In Decoupled Weight Regularization by Ilya Loshchilov and Frank Hutter, they propose to use w' = w - lr * [adam(grad) + wd * w], but that isn’t what the generic optimizer with steppers=[adam_step,weight_decay] is doing.

The steppers are doing

tmp = w - lr * adam(grad)
w' = tmp * lr * (1-wd)

or

w' = w * lr * (1-wd) - lr^2 * adam(grad) * (1-wd)

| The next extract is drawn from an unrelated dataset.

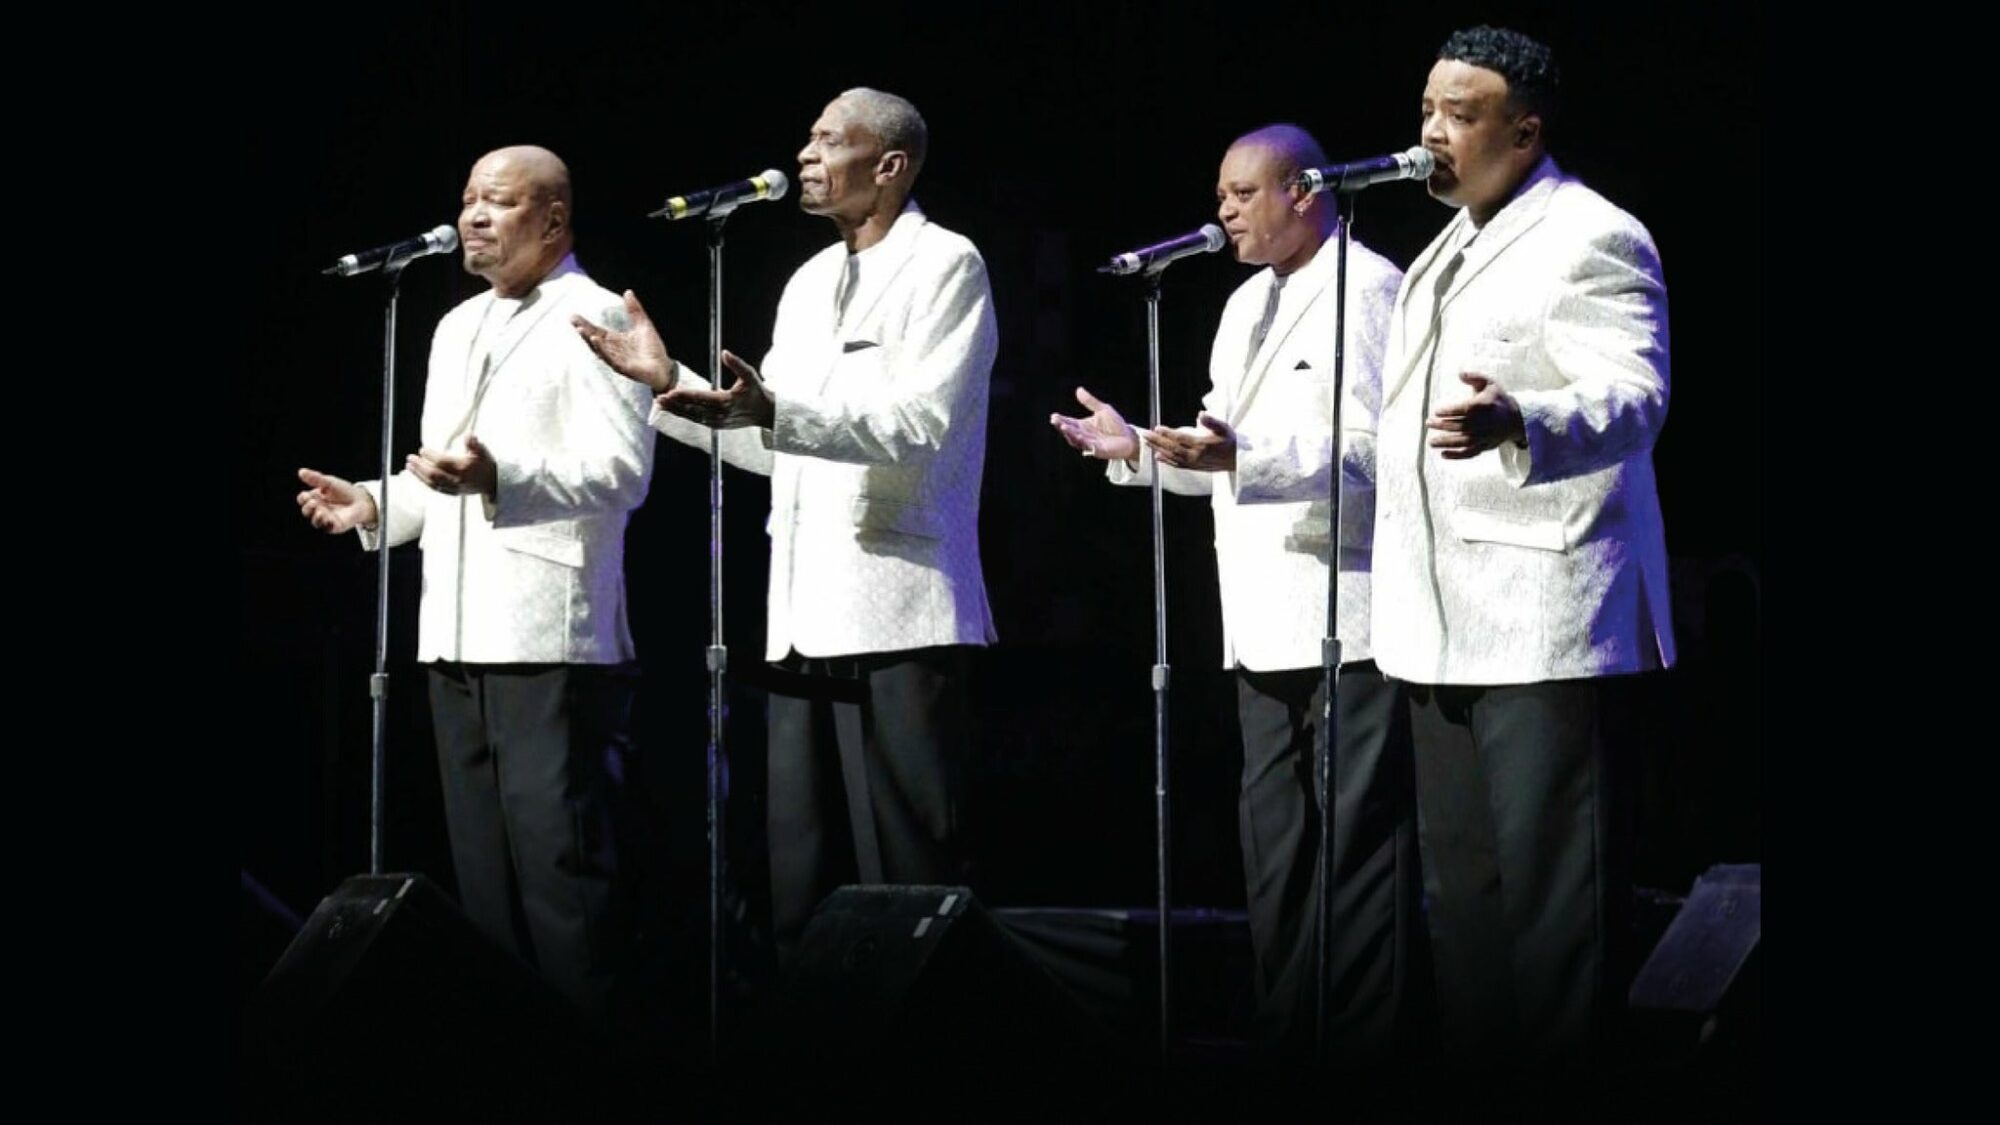 Image name The Stylistics at Sheffield City Hall Oval Hall Sheffield the 9 image from the post Events in Yorkshire.com.
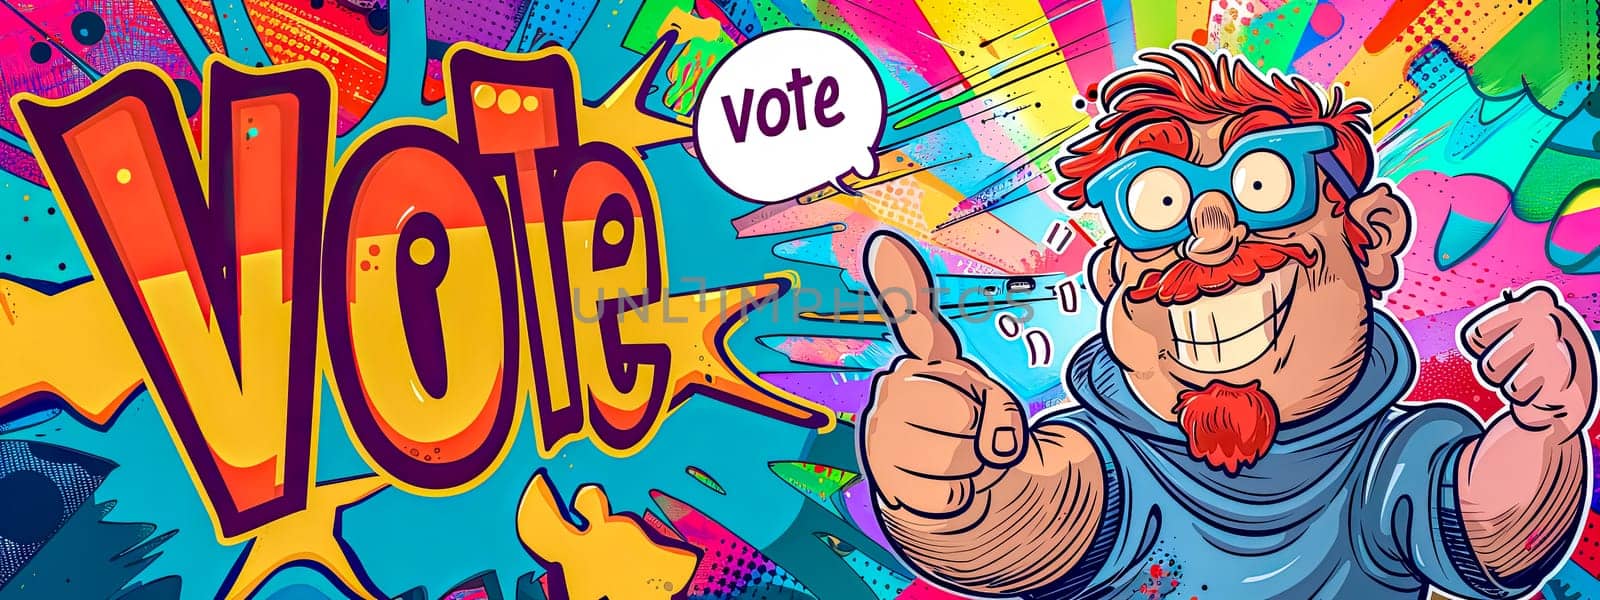 Colorful cartoon encouraging voting participation by Edophoto

which appears different from what Ilya and Frank intended. In particular, the lr^2 * adam(grad) term quickly vanishes as lr decreases and may cause numerical stability issues and zero out some adam updates.

Experiment:

I ran some simple experiments with the 09_optimizers notebook, using the

learn,run = get_learn_run(nfs, data, 0.001, conv_layer, cbs=cbfs, opt_func=adam_opt())
run.fit(3, learn)

cells with some tweaks:

  1. I noticed that repeated calls to the same cells had high variance, so I set the seeds
    def fix_seeds(n): random.seed(n); torch.manual_seed(n) and ran each experiment for 3 seeds (7, 42, 10914). (There is still some nondeterminism between runs with those seeds fixed, but the variance is dramatically reduced).
  2. I increased the number of epochs from 3->10, since the impact of weight decay increases as we increase the risk of overfitting.

Results:

  • For the baseline with wd=0, I observed accuracies of 0.5715, 0.5929, 0.5710 (mean=0.5785). code
  • With steppers=[adam_step,weight_decay] and wd=1e-2, I observed accuracies of 0.5768, 0.6056, 0.5832 (mean=0.5885) code
  • With combined steppers and wd=1e-2, I observed accuracies of 0.5750, 0.6132, 0.5857 (mean=0.5913) code

So based on the above calculations and experiments, I don’t think we can cleanly split the adam and weight decay steps into separate functions. A combined adam + weight decay step can lead to higher validation accuracy.